Charles Herold (cherold) A number of people who have reviewed this here have watched this film over and over, but I think once has proved enough for me. While it is only an hour, it moves slowly, and while there is an appealing oddness to the proceedings I was never caught up in it. The basic idea is intriguing (less so if you read the reviews here, many of which give away more than they should) and Moreau is quite affecting, but I find the glowing comments of other viewers downright peculiar.To me, this feels like an adaptation of a story (by Isaac Dineson) that would probably be better read. A tremendous amount of voice over commentary and soliloquies are threaded through, and my feeling is if you need this many words to tell a story, it is probably not a good film story. Like everything by Welles, it is worth watching. While it feels cheaply made, it still exhibits his sense of composition and his unique sensibility.
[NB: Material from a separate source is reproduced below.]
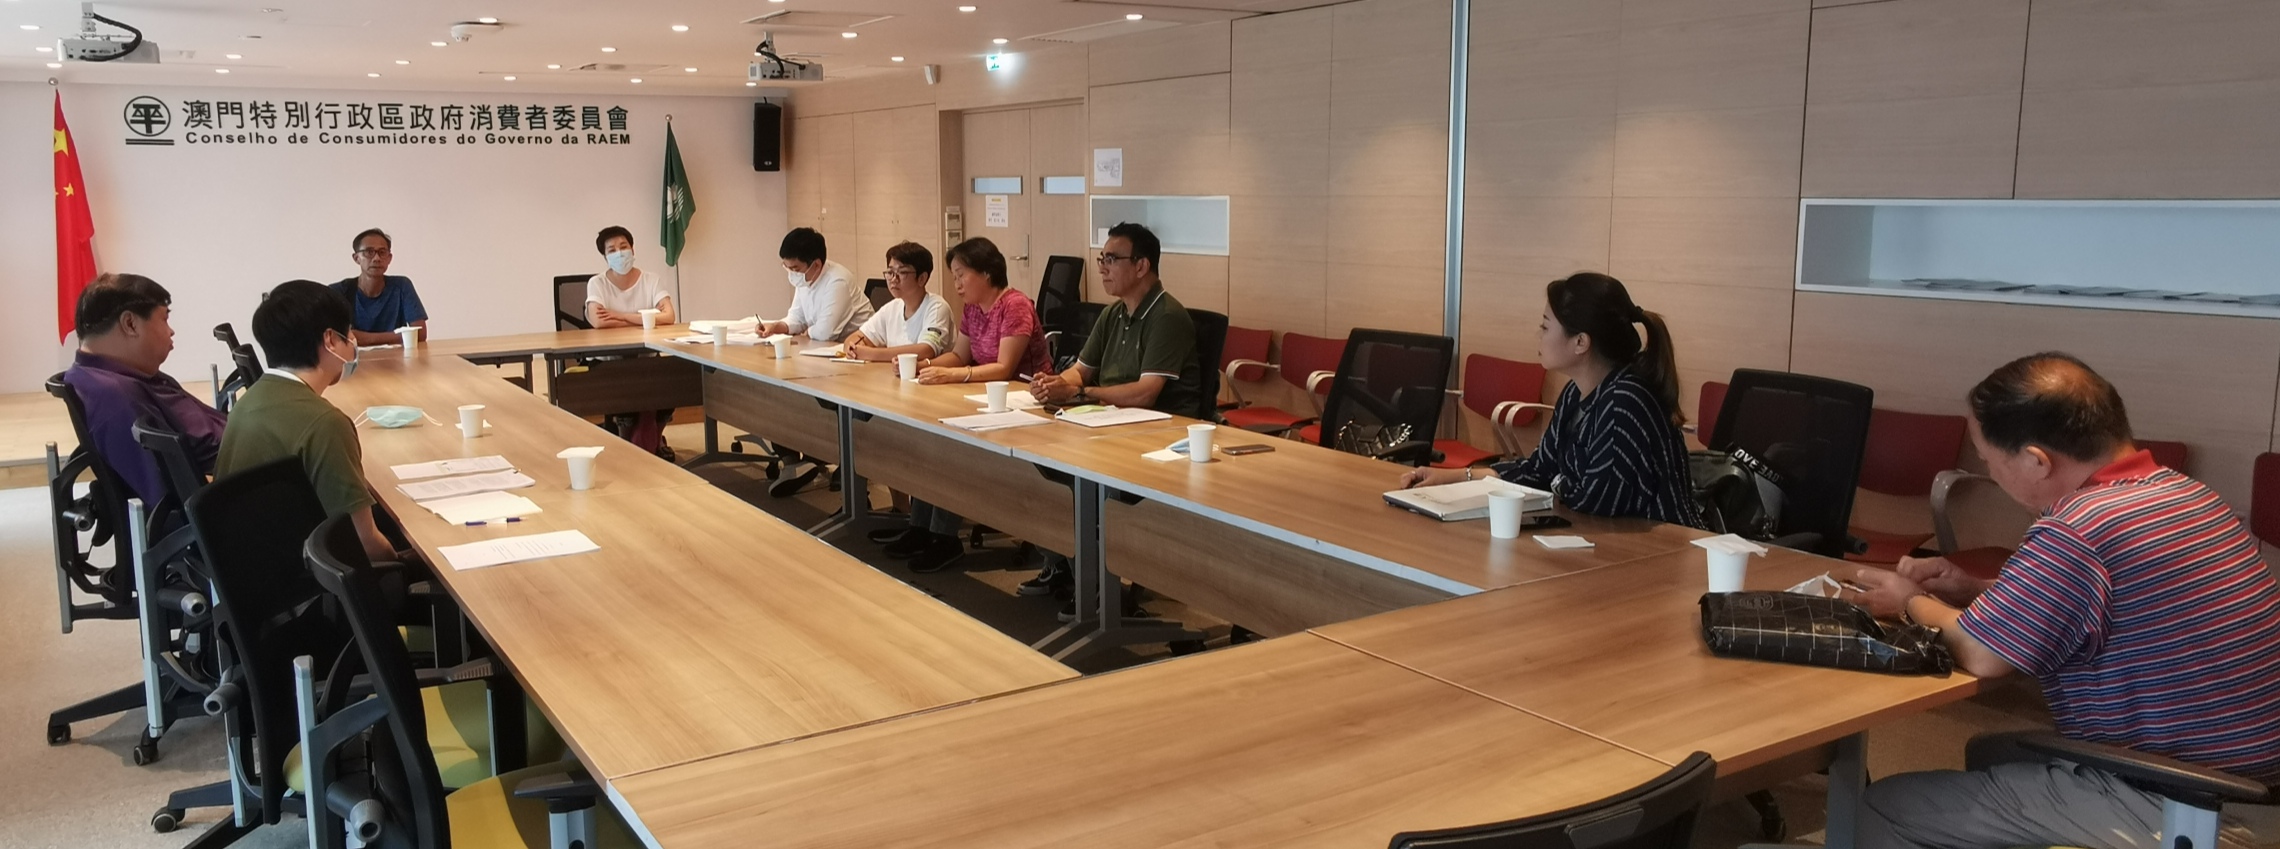 Reunião com o Conselho de Consumidores relativamente ao litígio das 50 famílias que compraram imoveis em Hengqing

But ultimately it's not especially good (at least based on one viewing) and certainly far from Welles' great works.
moonspinner55 Director-star Orson Welles also adapted Isak Dinesen's rather pointless book about an aged millionaire recluse living in China who tells his employee of an incredible story he heard while in the service regarding a rich, dying man, his terrible wife and a sailor-stud. The employee explains that this tale is just a legend, but the millionaire aims to make it fact. The sexual implications in the narrative aren't ignored by Welles, though they are tip-toed around (probably due to the restrictions of 1968), and when Welles as the "old gentleman" finds himself the perfect boy to complete his plan, it's hard not to smirk when he calls the bottle-blonde "a fine looking sailor" and then offers him money. Who needs Jeanne Moreau when these two are hitting it off so well? ** from ****
urnotdb Recent airing of this (TCM) provided my last chance to see a Welles film for the first time. Do the "immortals" appeal primarily to the young? The definitive experiment, of course, is impossible. I'll never see "Citizen Kane" for the first time again. "The Immortal Story" is a short, dream-like parable suggesting (to me) that, in a transient "material world" stories immortalize our spiritual "genes," and that we need both. It employs the now-popular strategy of a story-within-the-story becoming the story. The verdict on Welles' "final bow"? Why we choose someone like him to be our god. (I wonder if a language could be constructed comprised only of Bob Dylan lyrics?). Maybe the meaning of "The Immortal Story" was left intentionally intangible. Maybe that's the point.